There is a brief mention of Jesus, which is frankly rather pointless: Nietzsche targets the life of Jesus much more effectively in Beyond Good and Evil, in the "What is Noble?" section, as a man greedy for love, so much so that he casts God as love embodied. This is more consistent with Nietzsche's overall philosophy. That's not to say that the professor is wrong, but that there is better source material for understanding N's attitude towards the Christ. For that matter, much of the material in Genealogy of Morality is probably better explained in that section of Beyond Good and Evil, which is probably the finest and most concise of his work.

The "blonde beast" gets exactly the wrong kind of attention from almost every academic, despite the fact that I'm fairly sure it's an allegory. If you read on from there, much is made of memory, or forgetting and remembering, and there's good reason for it: man's explicit and controllable memory is intimately responsible for his character as a species. We would not be men without it, and the professor gives a garbled interpretation of the importance of memory at the end of the video, with his words not matching what was on the projector. He says that what matters is the ability for men to suppress their memories; the slides say that what matters was the development of memory to begin with, and the administration of pain and punishment to the end of instilling it, and the slides are more accurate than the voice. The allegory of the blonde beast has, thus, a particular meaning for me: regardless of hair color, this beast was the first creature to acquire genuine memory and put it to controllable use. 

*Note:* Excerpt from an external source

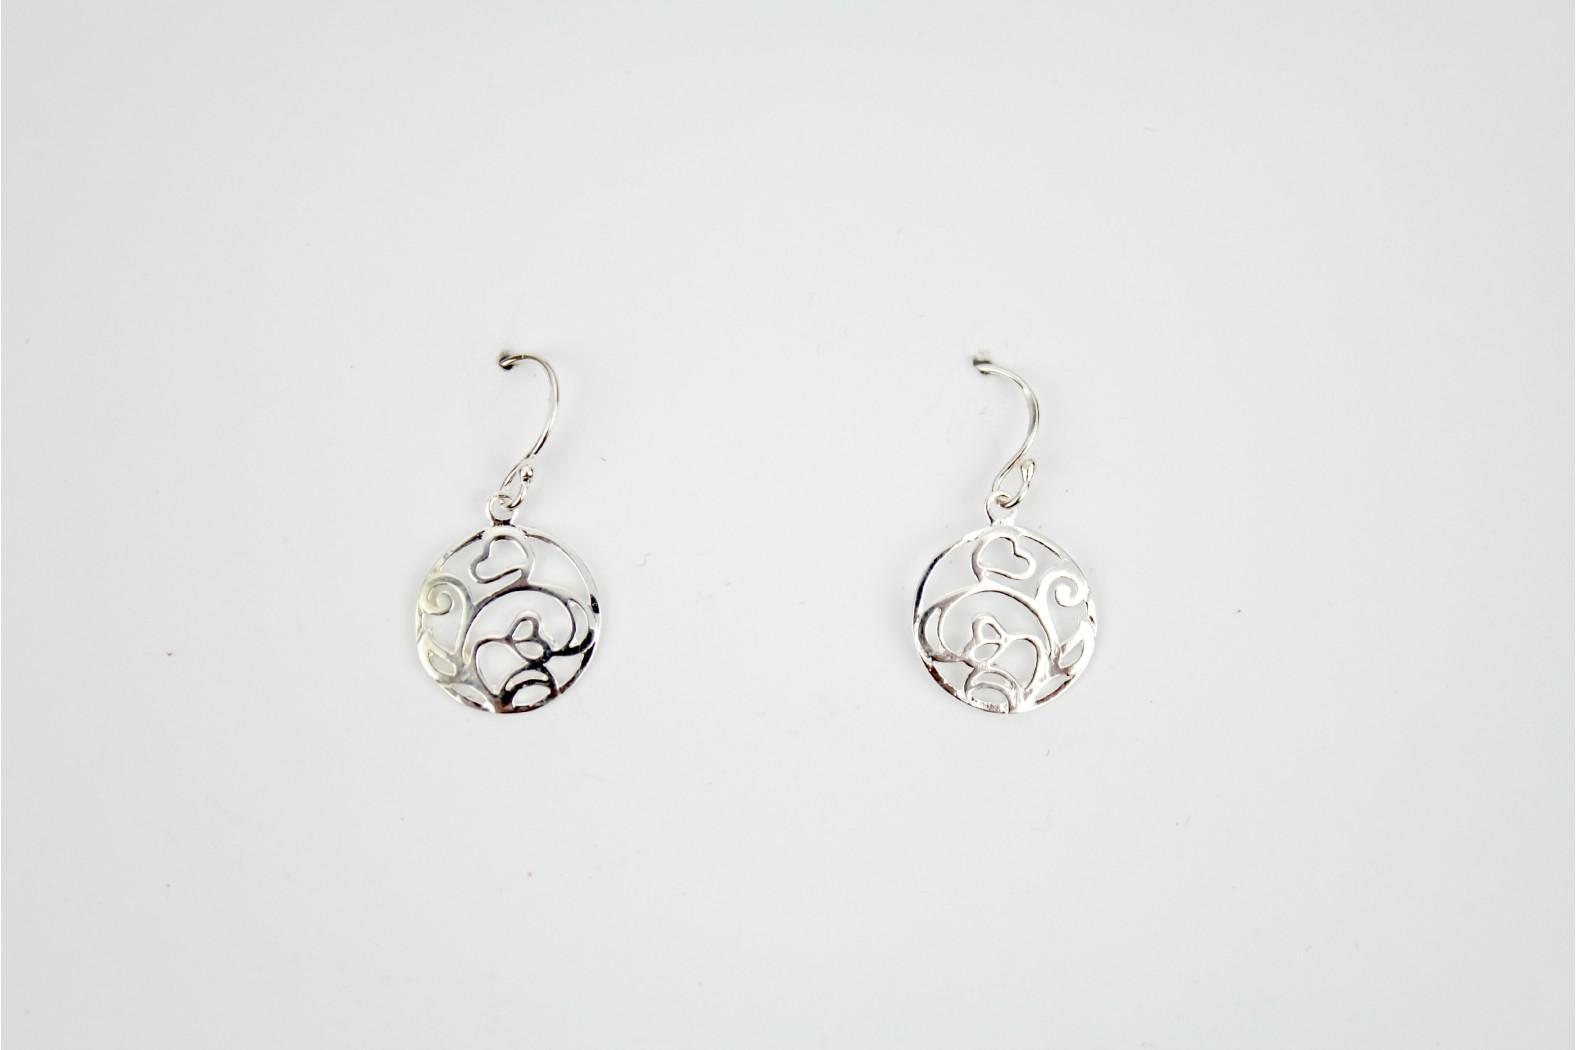 Contemporary circular floral design silver detailing

I think this has been an underrated point, from my perspective as an economist. Check out my Will to Survive and Will to Power post, and you might see why: memory is required to invest, to remember cause and effect well enough to create projects and labor now in expectation of return later. This concept is, in modern moral terminology, neither good nor bad; there are only good and bad/evil specific investments, with the concept itself being neutral. I find that highly interesting. I also find it probable that some of the first investments involved slavery: attack that weak group, enslave them, make them do what we want them to do, and profit. This falls in the realm of evil investment today, but so does pretty much all social order in the ancient world. Some would say that order in the modern world qualifies as the same.

Finally, from the beginning on, this professor takes the usual approach to Nietzsche of making his perspective a biographical one. There is some irony here: Nietzsche himself said that philosophers do not reveal truth so much as reveal themselves, that all philosophy was biographical. So calling Nietzsche's philosophy biographical is a very safe thing, but may also invite the reader to miss the point. You can't really object to it, since Nietzsche so clearly wanted the text to be read that way, but I tend to get leery when academics make too much hay out of a guy's perspective as being colored by his life; it's too easy to dismiss his experiences as being irrelevant in the broader sense, and I find Nietzsche to be not only the most interesting but the most practical and applicable of explanatory thinkers. In all things large and small, life makes much more sense through his lens.